DNA strings must be labeled when they are consolidated into a database. A commonly used method of string labeling is called FASTA format. In this format, the string is introduced by a line that begins with '>', followed by some labeling information. Subsequent lines contain the string itself; the first line to begin with '>' indicates the label of the next string.
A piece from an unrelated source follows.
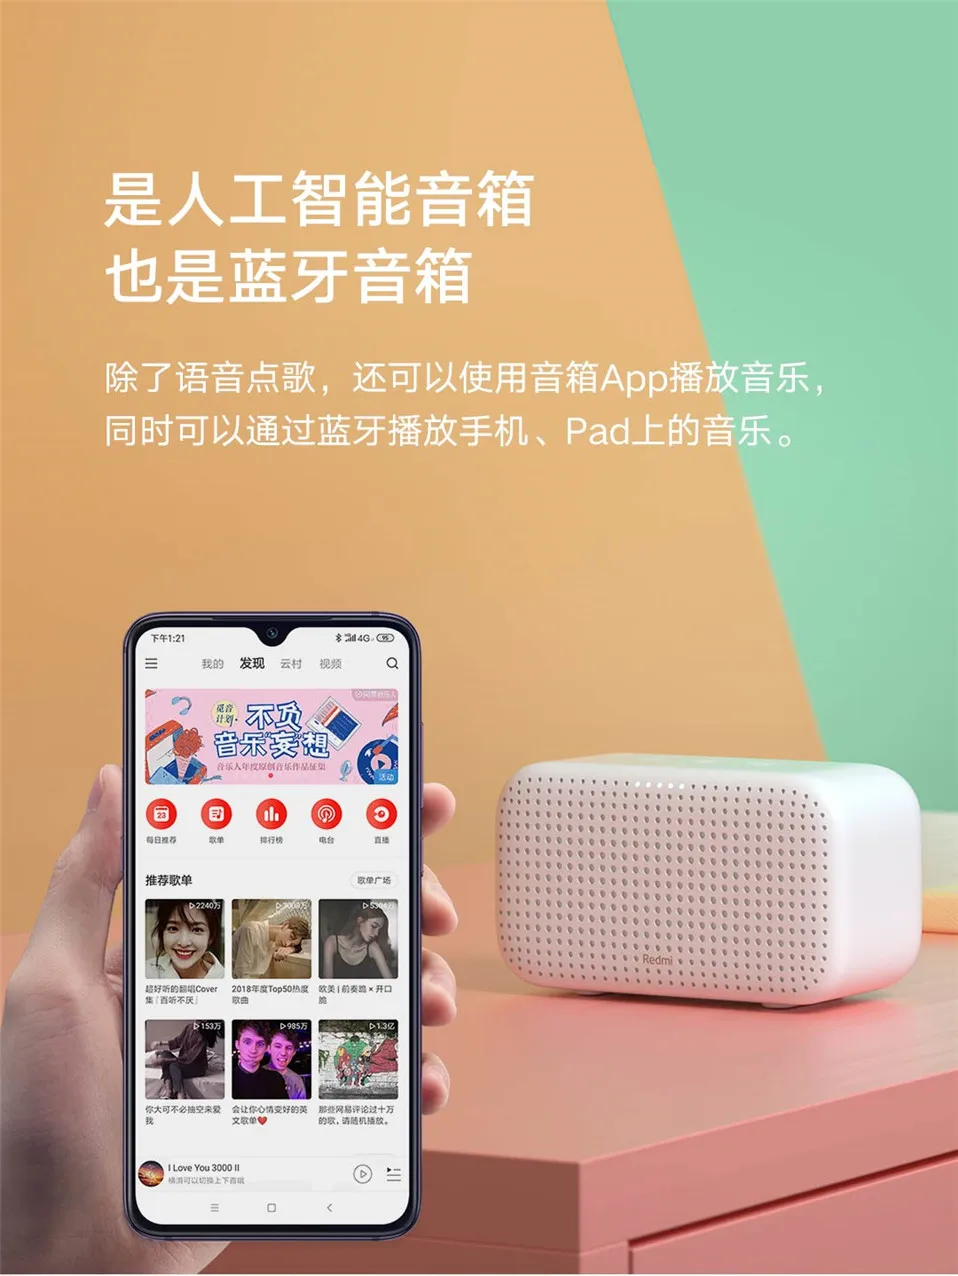 Xiao mi Red mi Xiaoai динамик воспроизведение голоса дистанционное управление Bluetooth 4,2 музыкальный плеер mi динамик для Android iPhone

In Rosalind's implementation, a string in FASTA format will be labeled by the ID "Rosalind_xxxx", where "xxxx" denotes a four-digit code between 0000 and 9999.

Given: At most 10 DNA strings in FASTA format (of length at most 1 kbp each).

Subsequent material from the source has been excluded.